REQUIREMENT >>
Pictures within the data are to be left out; everything else must be reproduced exactly.

RECORDED DATA >>
----------------------------------------
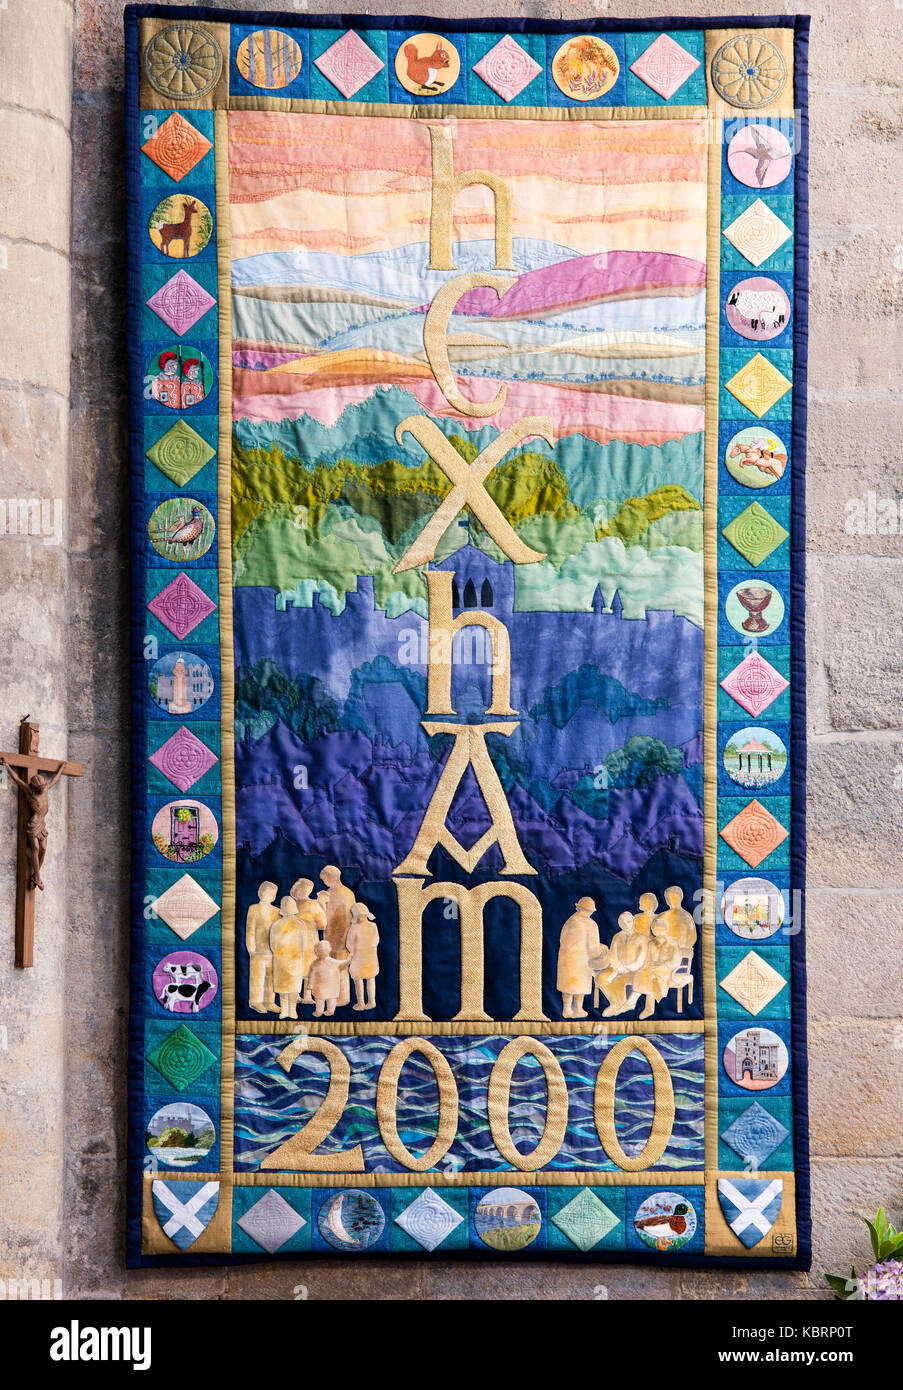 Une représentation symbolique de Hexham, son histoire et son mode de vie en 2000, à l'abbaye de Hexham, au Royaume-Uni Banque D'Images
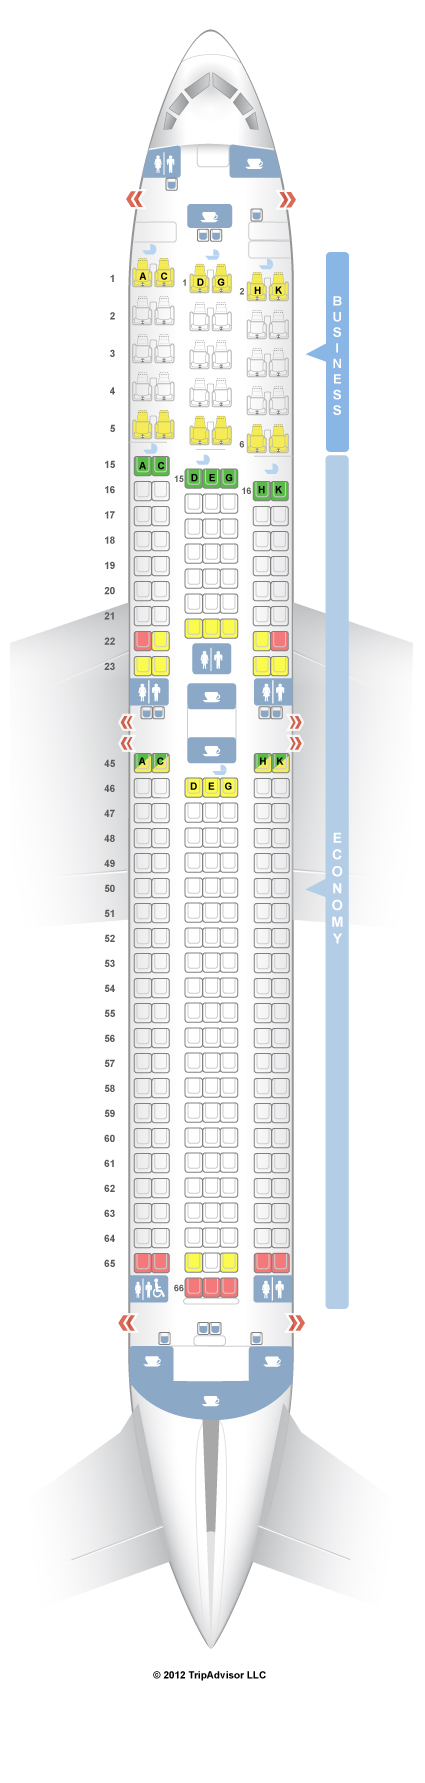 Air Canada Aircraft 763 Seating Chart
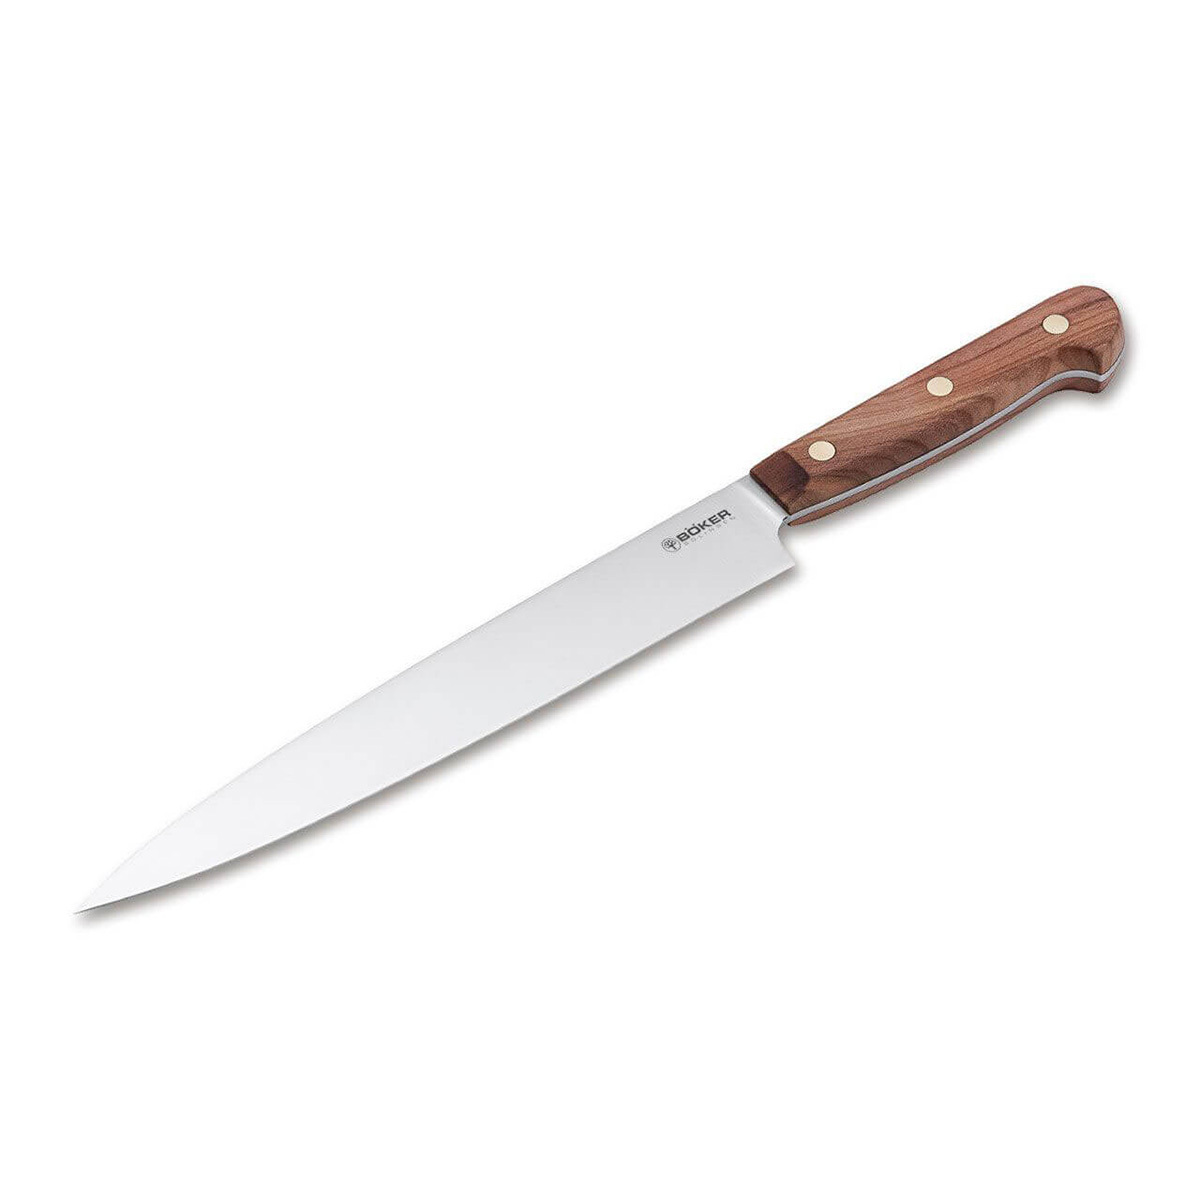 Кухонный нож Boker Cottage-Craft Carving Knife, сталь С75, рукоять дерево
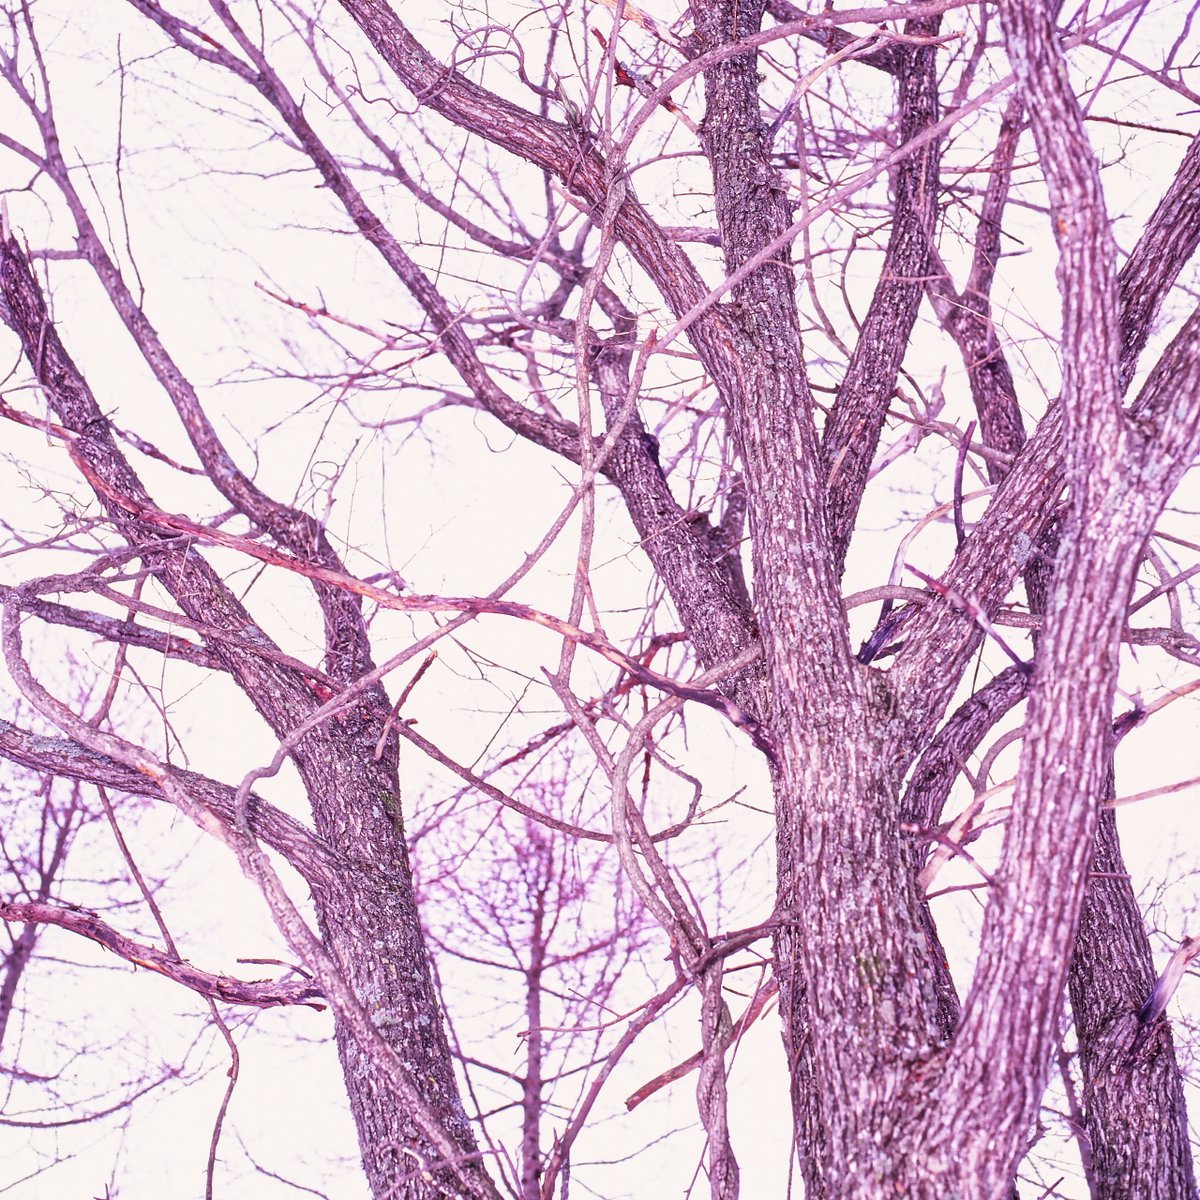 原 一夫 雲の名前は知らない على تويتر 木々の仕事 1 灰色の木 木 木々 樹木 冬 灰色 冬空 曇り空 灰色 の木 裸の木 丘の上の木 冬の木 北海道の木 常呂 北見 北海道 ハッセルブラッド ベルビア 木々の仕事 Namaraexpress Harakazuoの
----------------------------------------
WRITTEN SOLUTION >>
 Une représentation symbolique de Hexham, son histoire et son mode de vie en 2000, à l'abbaye de Hexham, au Royaume-Uni Banque D'Images
 Air Canada Aircraft 763 Seating Chart
 Кухонный нож Boker Cottage-Craft Carving Knife, сталь С75, рукоять дерево
 原 一夫 雲の名前は知らない على تويتر 木々の仕事 1 灰色の木 木 木々 樹木 冬 灰色 冬空 曇り空 灰色 の木 裸の木 丘の上の木 冬の木 北海道の木 常呂 北見 北海道 ハッセルブラッド ベルビア 木々の仕事 Namaraexpress Harakazuoの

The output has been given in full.